Tuesday, January 31, 2012

panel question #1!

I am excited to be on a birthparent panel, over at Birthmothers4Adoption. Here is the first set of questions I was asked to answer :)

Are you a birthmother or birthfather?
I am a birthmother to a little boy, born June 18, 2010

How long ago did you place?
I placed just over 19 months ago.. the date was June 20, 2010

Is your adoption open or closed?
The adoption with my son is fairly open. In our agreement, his adoptive parents are required to send updates at set intervals throughout the year, which gradually decrease to Once a year until he is 12. I have been fortunate enough to have had a few visits with them since he was born, and if I am the one to reach out and email/text them they will respond. We respect each other's boundaries, and do things that are only in our sons best interests. I understand that they are a family, and I don't impose on that. I wait for my updates, and sometimes I get to see him in between :) I am completely content with the amount of openness our adoption has, I think it is a safe happy-medium between the two, and is perfect for all of us. 

How/Why did you choose adoption?
I chose adoption for a number of reasons. The biggest one was because the birthfather was not mature enough at the time to be a good dad, and I didn't want to risk my child growing up without a father. I wanted my child to grow up in a really stable, loving environment. We were teenagers, and neither one of us was prepared to give our son the life we so badly wanted for him. So we went out to find the ones that could! There are other reasons, more difficult to explain. I have very strong spiritual beliefs, and in my heart I just knew that my child was not sent here for me, rather to a family who had been praying for his arrival. It made my hard decision a lot easier to bear, knowing God was on my side.  

What can adoptive couples do to help in the hospital/at placement?
My adoptive parents were great at the hospital and at placement. They came and saw him when he was about 10 hours old, and only stayed for a little while. They respected the short time I had to be with my son, and knew that they would have the rest of their lives to share with him. Seeing them together as a family was an amazing experience though, and it really reinforced my decision. The adoptive parents were not pushy at all. They acted as if he was only my child and they were just visiting, which I appreciated. It helped me trust them, and know that no matter what, they held my best interests and feelings at heart, even if it was hard to do. I believe it is important for the parents to come visit, but not to overwhelm the birthmother. That short time is all she has with her baby and it is so hugely important to her- she will cherish those moments for the rest of her life. At placement, the adoptive parents gave me and the birthfather special gifts that had great meaning.
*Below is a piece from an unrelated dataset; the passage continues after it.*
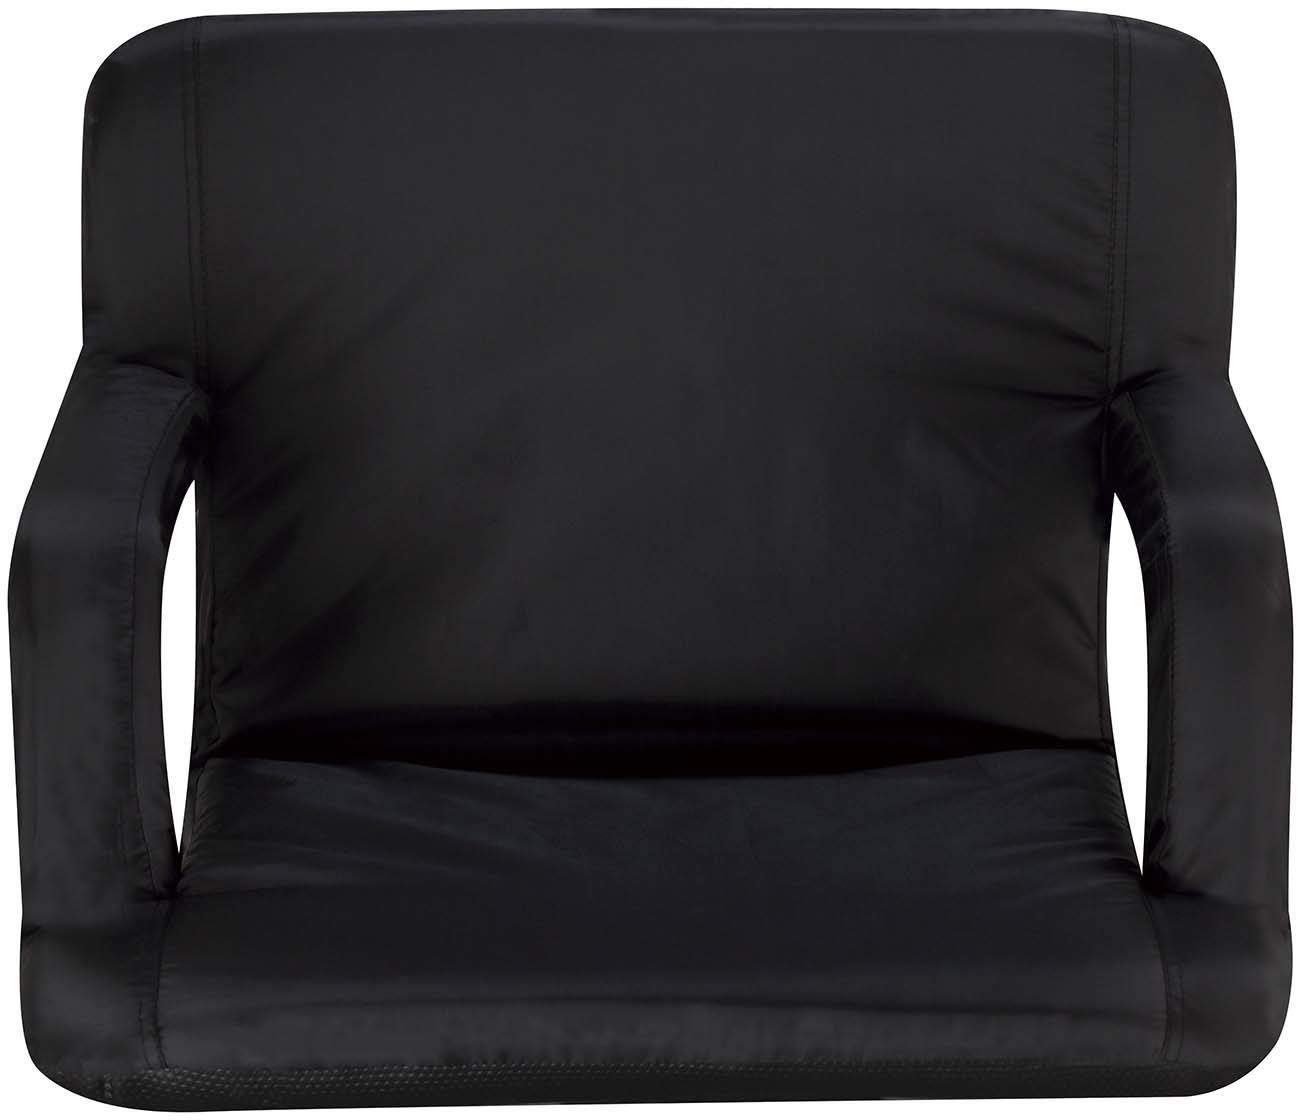 Naomi Home Venice Stadium Seat for Bleachers Portable Reclining with Armrest Grande/Black
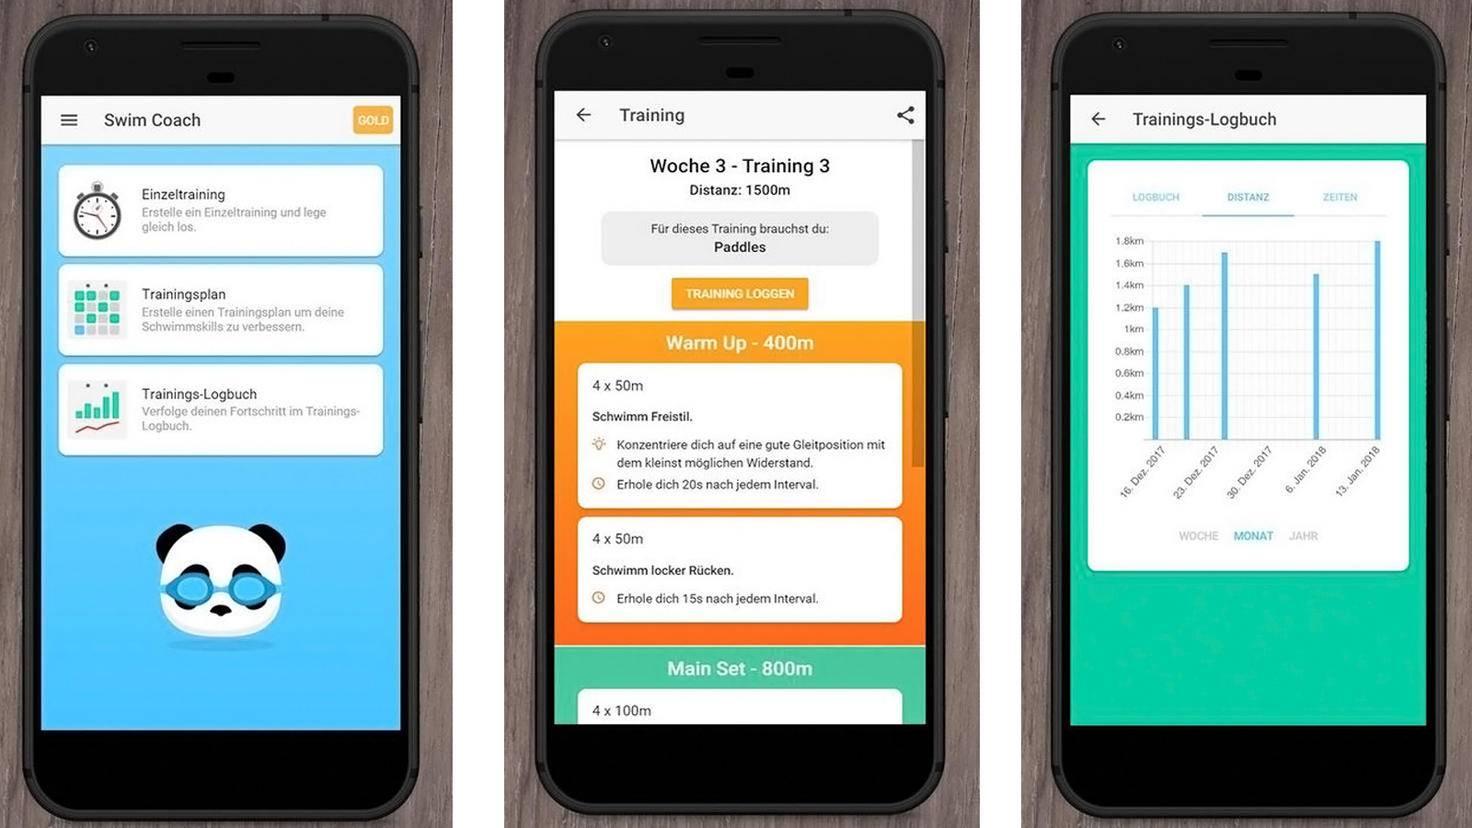 Swim Coach-App-Google Play Store-Reto Kaul

I treasure those items more than anything, and it always reminds me of the amazing experience placement was. To adoptive couples- please. Do not get greedy. I know you want to hold that baby so much, but use all of your willpower to stop yourself from grabbing him. Be patient. These few minutes will be the hardest thing that girl will ever have to do in her entire life. She will feel when the moment is right, and pass your child into your arms. Allow her to take as much time as she needs.

How did you find/choose the adoptive couple?
I went through an adoption agency, LDS Family Services, and they gave me portfolios of potential adoptive couples to look at that fit my requirements. 

What appealed to you most of their profile/blog/information packet?
What I loved about it was just how perfect they were to me. The mother spoke of her daughter's birthmother and how much love they had for her, and I imagined myself being talked about like that too. Nothing was special about their profile, it was just "real". I immediately fell in love with them. They were not anything that I was expecting, nor what I was looking for. But I just knew they were the right family. It does not matter what your profile looks like, what your blog says, or what's in your information packet. Birthmothers fall in love with the feelings, not the words. It's the voice we hear deep inside that tells us "this is the one". Don't stress about what to put.. you will be lead down the right path to each other, no matter that. Be patient. Perfection takes time, but I promise you will find it.